Mr Collins was leading an expedition of 19 assorted off-duty police officers, businessmen and photographers along the Trail - thought to be some of the most rugged hiking terrain in the world.
The discovery was made on 28 August, by one of the members of the expedition - a man who has requested to be referred to only as John.
He had stopped to take a photo of flowers in the canopy, Mr Collins told the BBC.
"If you knew the trek, you don't often look up, because you're watching your footfall the whole time - it's very slippery and muddy, and can be quite dangerous," Mr Collins said.
"John stopped to take a photo of the canopy, and saw something that didn't seem quite right through his viewfinder. He watched it for a little bit longer and the wind blew, and caught it, sending it spinning, and it seemed to be a body."
There was an immediate sense that an exciting discovery had been made, Mr Collins said, and other members of the expedition team were called back to take a look for themselves.
That it was a body was not immediately apparent, Mr Collins said.

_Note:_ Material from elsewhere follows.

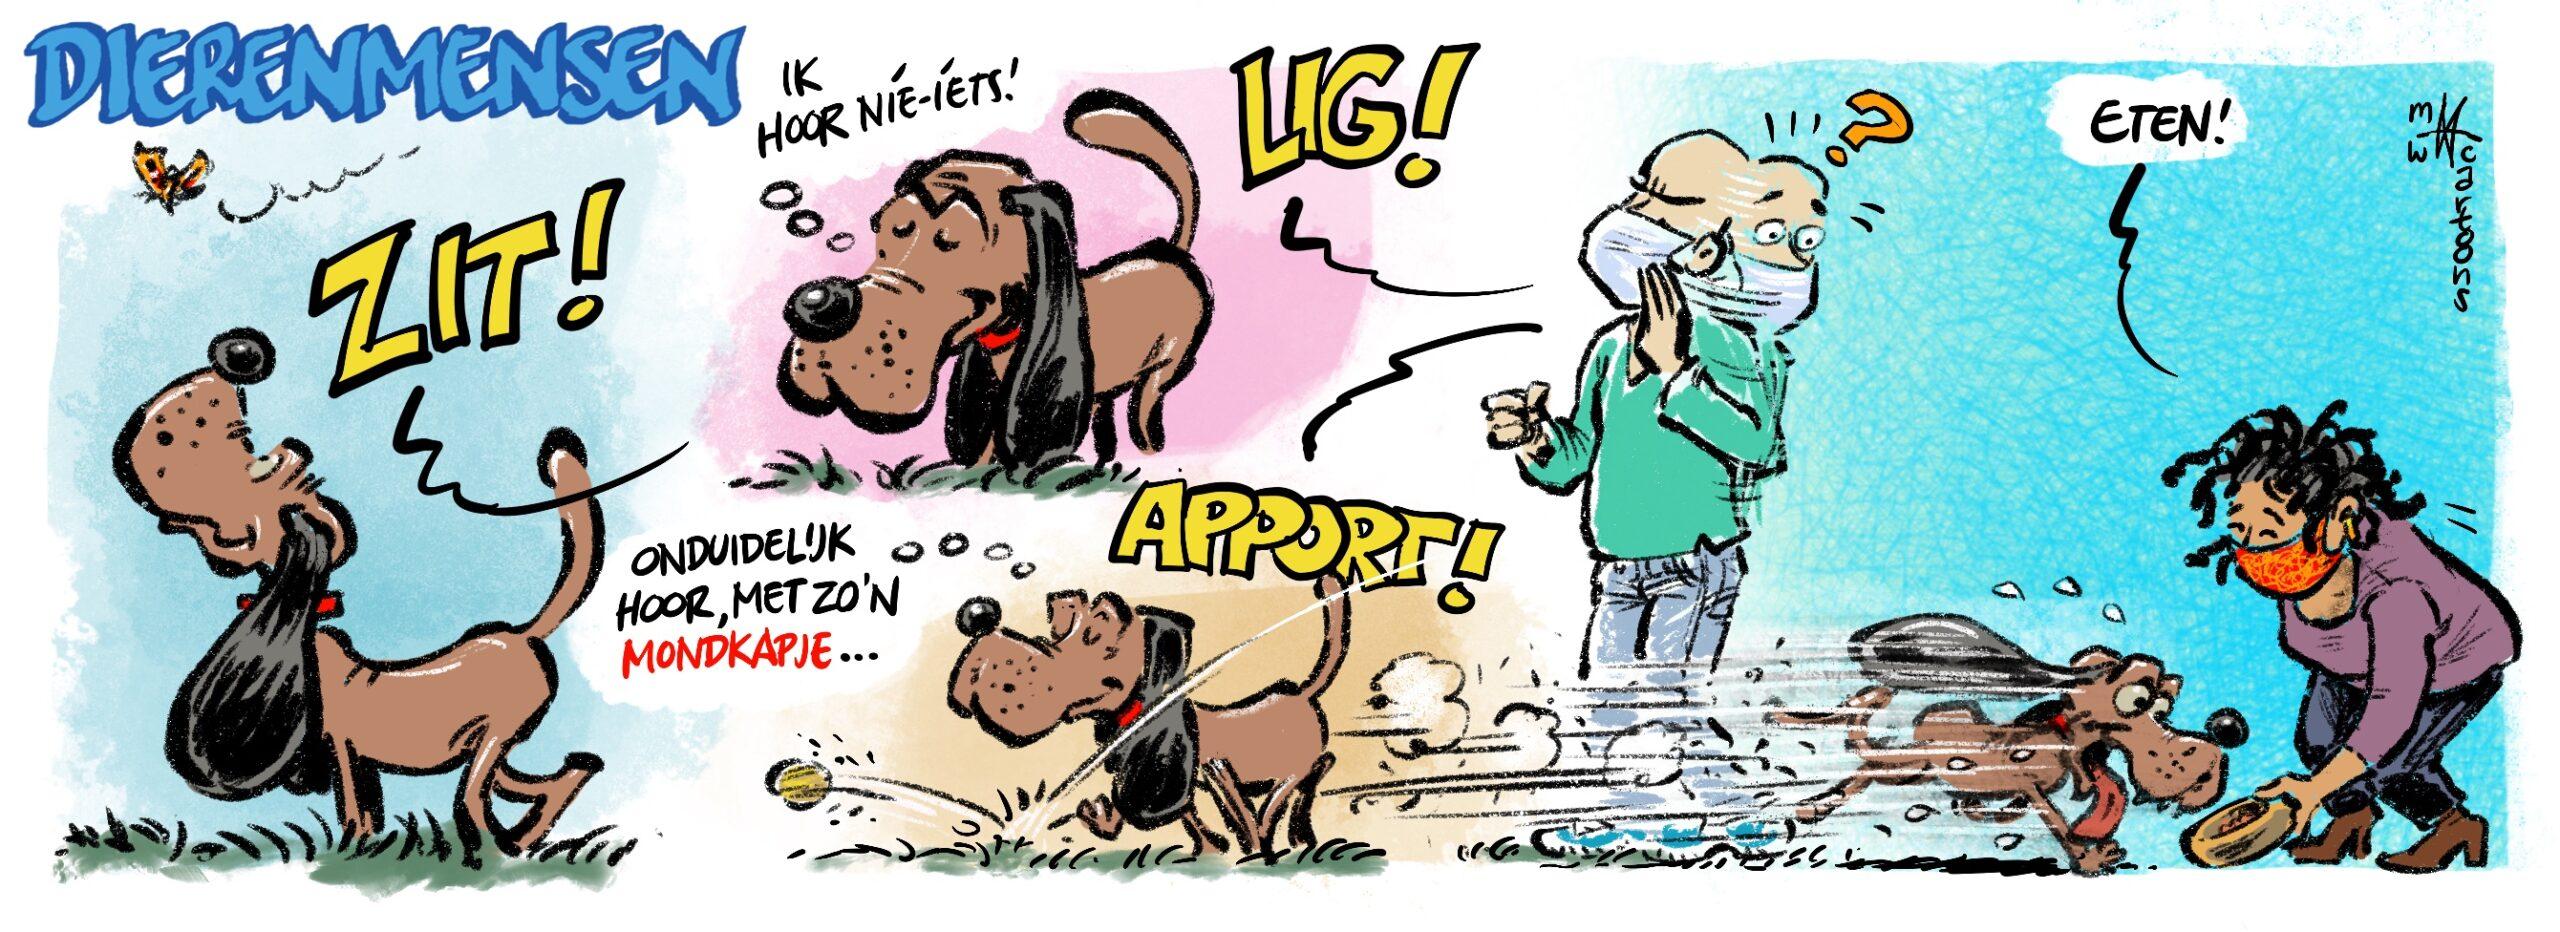 Bekijk hier alle strips die Leids Cartoonist Maarten Wolterink tekende voor Dierentehuis Stevenshage

"I'll be honest, I couldn't even see it at first, because it was quite high up in the canopy, about 12-15 metres [40-50 feet] up," he said.
But once again the wind blew, and it started spinning and dangling. That was when you could make out the shape of a body. But it was covered in moss, and if it had been me, I would never have discovered it, even looking straight at it, but when it started swinging back and forth, you could see the shape of it.
"And when it swung backwards it had around it what looked like a sort of aluminium frame or harness, and it appeared to be caught in a cable in the tree."
The assumption at this point, said Mr Collins, is that the body - if it is a body - is that of an airman who was wearing some kind of parachute harness at the time of his death.
One expedition member even thought he could make out a moss-covered pair of flying goggles around the corpse's neck.